You might be able to reproduce using upgrade from <=3.5.2 to one of vt15,
vt15.1, vt15.2, vt15.3.

[1] http://gerrit.ovirt.org/#/q/Ia975aad12e97ce0287cd6414e7ab91ea2ca6c0f9,n,z
[2] http://gerrit.ovirt.org/#/q/I9ca57f8a9b4e97cfbb2bd4877adbc2a87e6348fc,n,z
[3] https://gerrit.ovirt.org/#/q/I6383b29e131d65cece96e298bb2c7fe6ae305afe,n,z
[4] https://gerrit.ovirt.org/#/q/Idd564f30ddc9c9bbfd79f70e0f89337ec0a65d61,n,z

> I followed steps from comment#0:
> 1. Install and setup 3.5
> 2. Install 3.6 setup

For this you'll need to build yourself, because I do not think we had any
internal 3.6 builds at the relevant time, and nightly builds are rotated.

> 3. Run engine-setup, and cause it to fail "cleanly", so that it manages to
> rollback
> 4. Run engine-setup again
> 
> 
> First I aborted the setup process (step 3.) before step "[ INFO  ] Upgrading
> CA" and second time after it.
> In both cases the subsequent engine-setup command (step 4.) finished
> successfully.

Please try again to reproduce using upgrade from 3.4 to vt15, to make sure
that the verification is valid. Moving to QA for now.

Thanks!

Comment 10 Pavel Novotny 2015-09-17 11:23:53 UTC
(In reply to Yedidyah Bar David from comment #9)
> (In reply to Pavel Novotny from comment #8)
> > I didn't reproduce this during upgrade rhevm-3.5.4.2-1.3.el6ev ->
> > rhevm-3.6.0-0.15.master.el6
> > 
> 
> Sorry for not mentioning: IIRC this specific flow isn't reproducible on any
> released version.
> 
> Affected versions are probably only those between [1] or [2] or [3] and [4].
> 
> You might be able to reproduce using upgrade from <=3.5.2 to one of vt15,
> vt15.1, vt15.2, vt15.3.

Upgrade to vt15.x is not relevant now, because at this moment the latest released 3.5 build is vt16.9 - this is what customer gets. 

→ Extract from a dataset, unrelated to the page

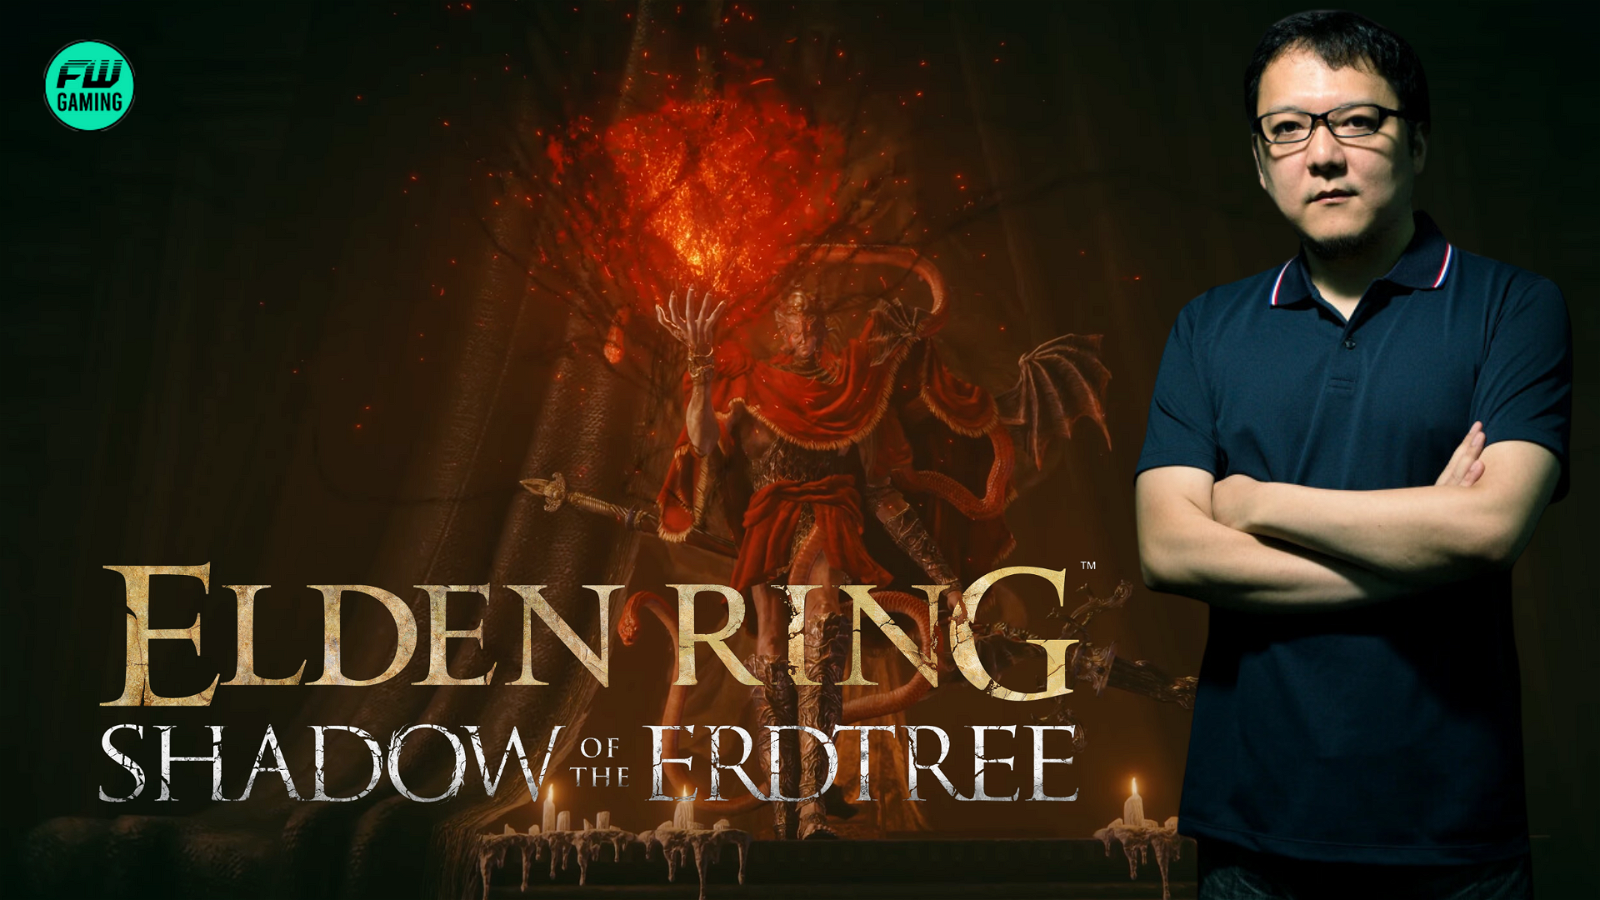 “we’ve also experimented with something…”: If Hidetaka Miyazaki Is to Be Believed, Elden Ring DLC Shadow of the Erdtree Is Mixing Things up for the Soulslike Genre
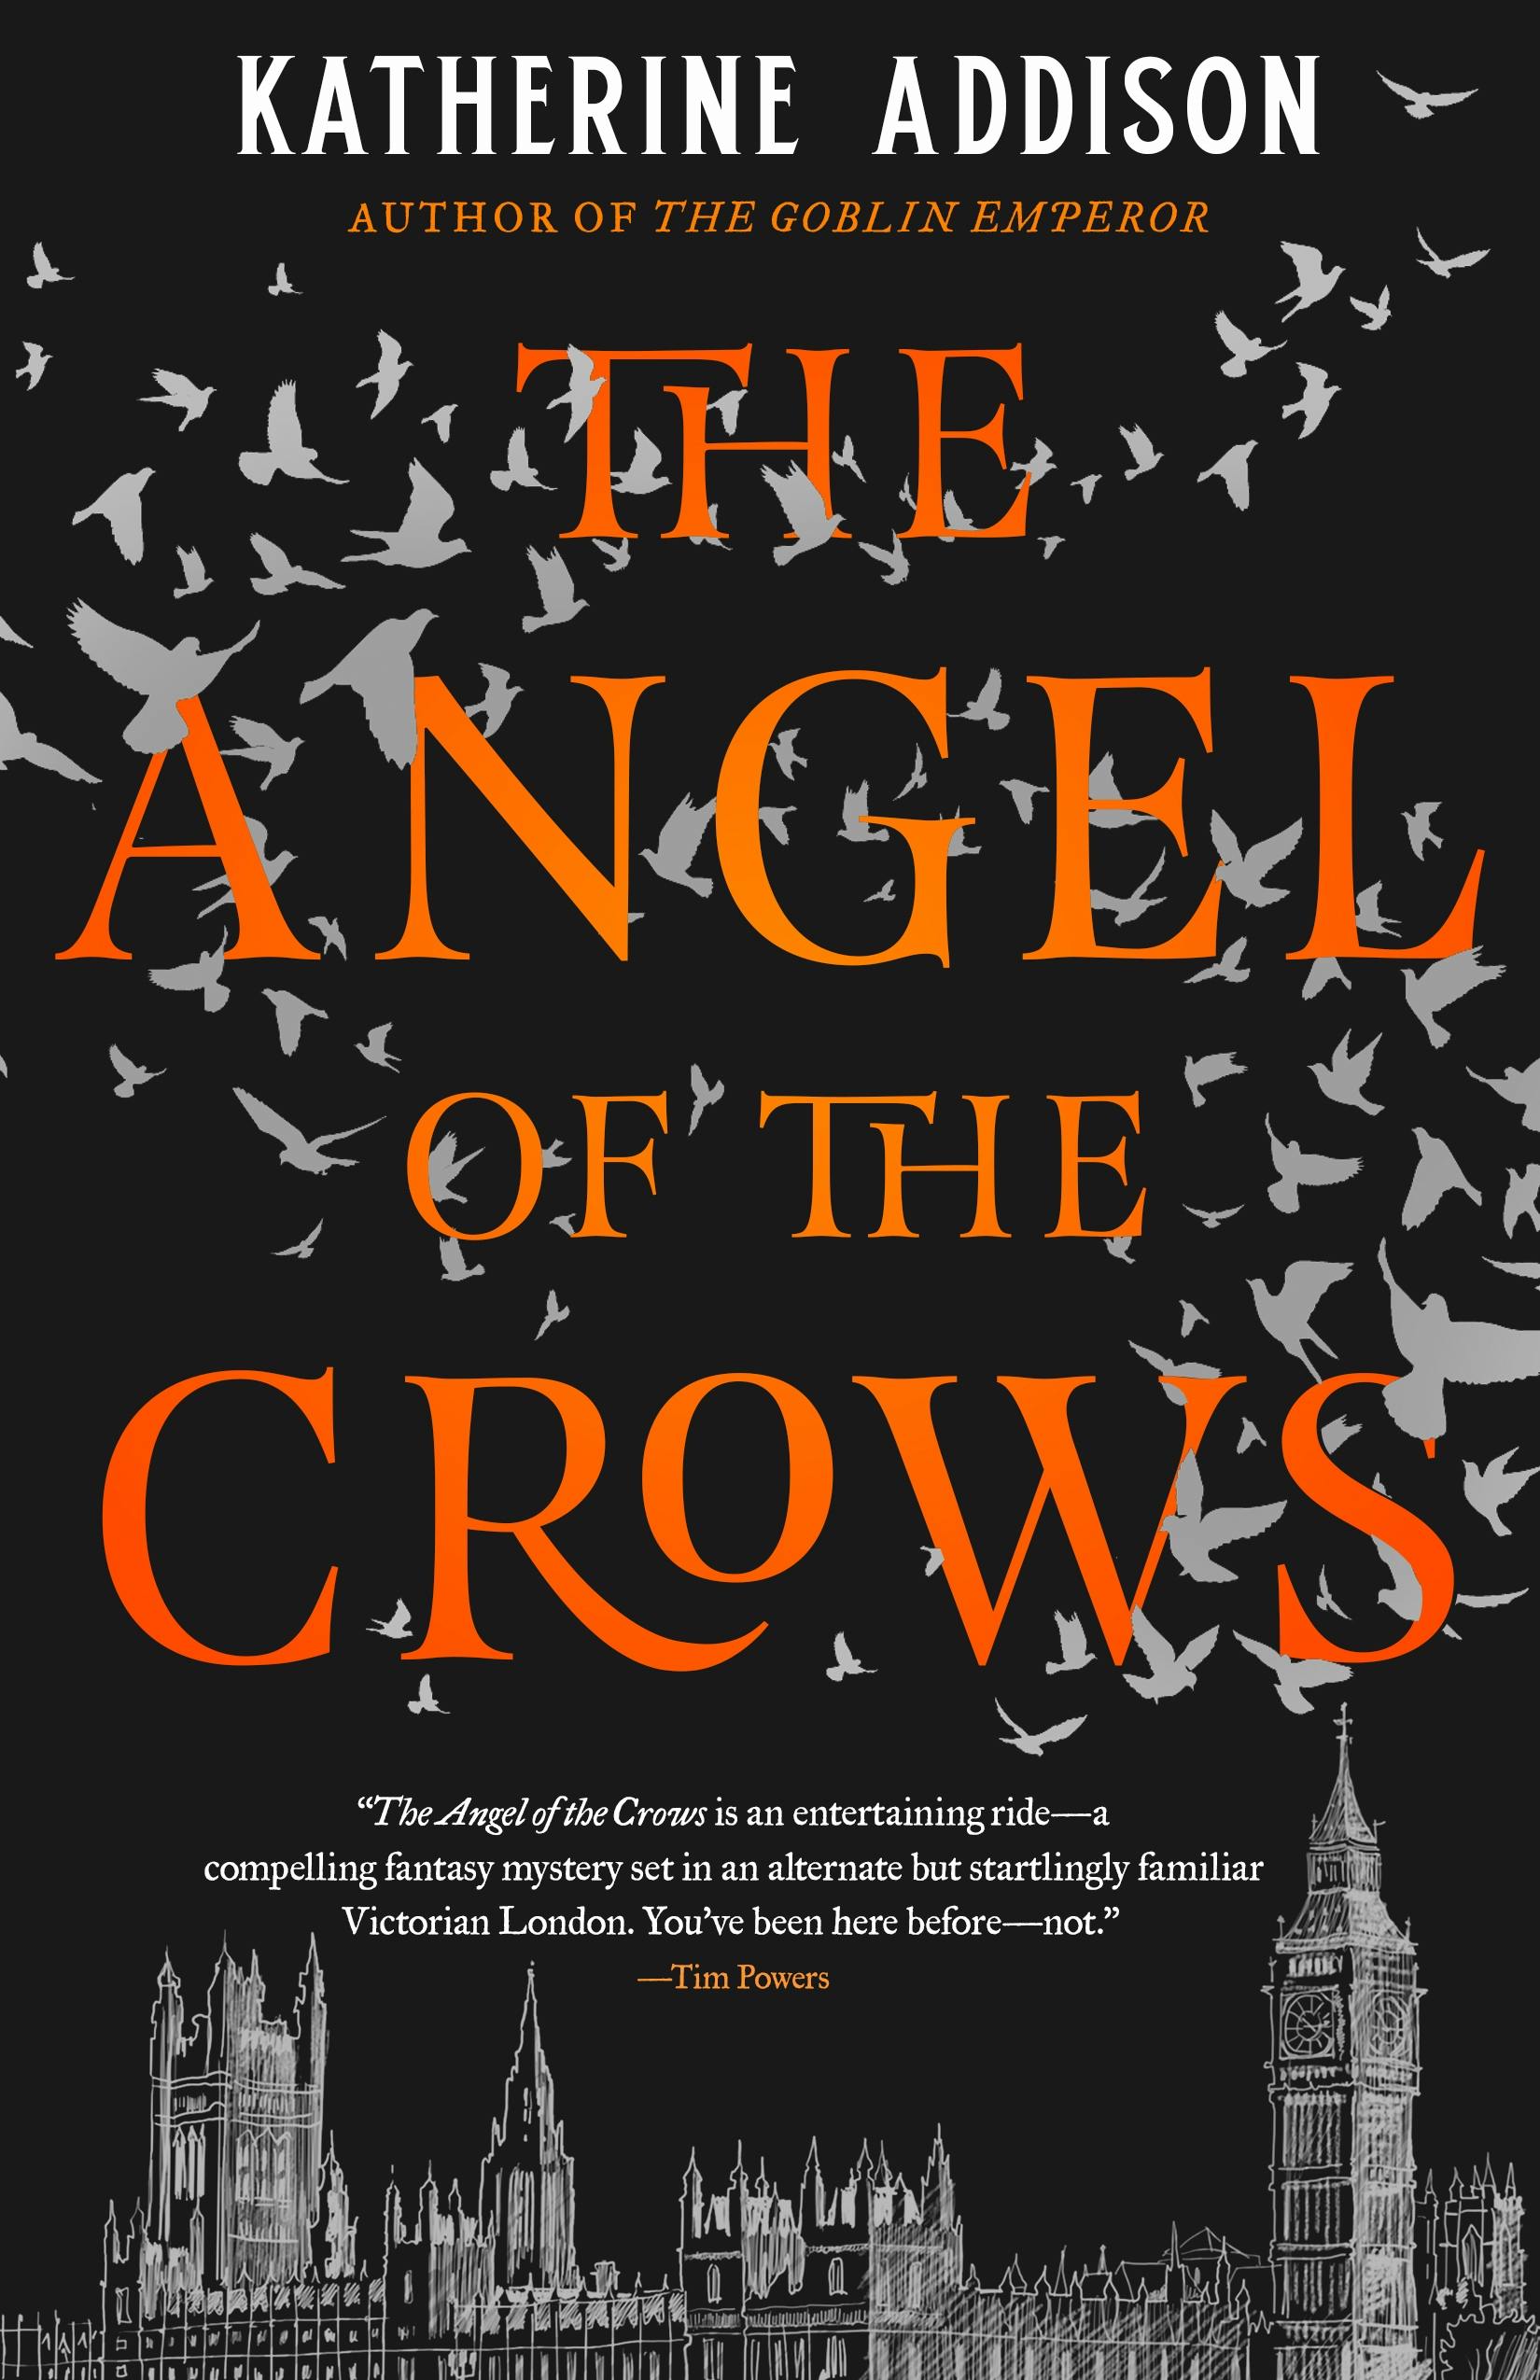 Cover for the book titled as: The Angel of the Crows

Thus I can verify this bug by going with upgrade from rhevm-3.4.5-0.3 (av14.2) to rhevm-3.5.4.2-1.3 (vt16.9).

Comment 11 Pavel Novotny 2015-10-07 17:46:07 UTC
Verified in rhevm-3.5.5-0.1.el6ev.noarch (vt17.1).

Scenario #1:
Upgrade from rhevm-3.4.5-0.3.el6ev.noarch (av14.2) to vt17.1.

Scenario #2:
Upgrade from rhevm-3.5.1-0.4.el6ev.noarch (vt14.3) to vt17.1.


Verification steps (according to comment 0):
1. Install and setup
  #1: 3.4.5 (av14.2)
  #2: 3.5.1 (vt14.3)
2. Install 3.5.5 setup (vt17.1)
3. Run engine-setup, and cause it to fail "cleanly", so that it manages to rollback
4. Run engine-setup again

Result: Second execution of rhevm-setup succeeds without errors. RHEVM is updated, web UI is accessible (of course, after removing the old invalid certificate from browser cert. storage first).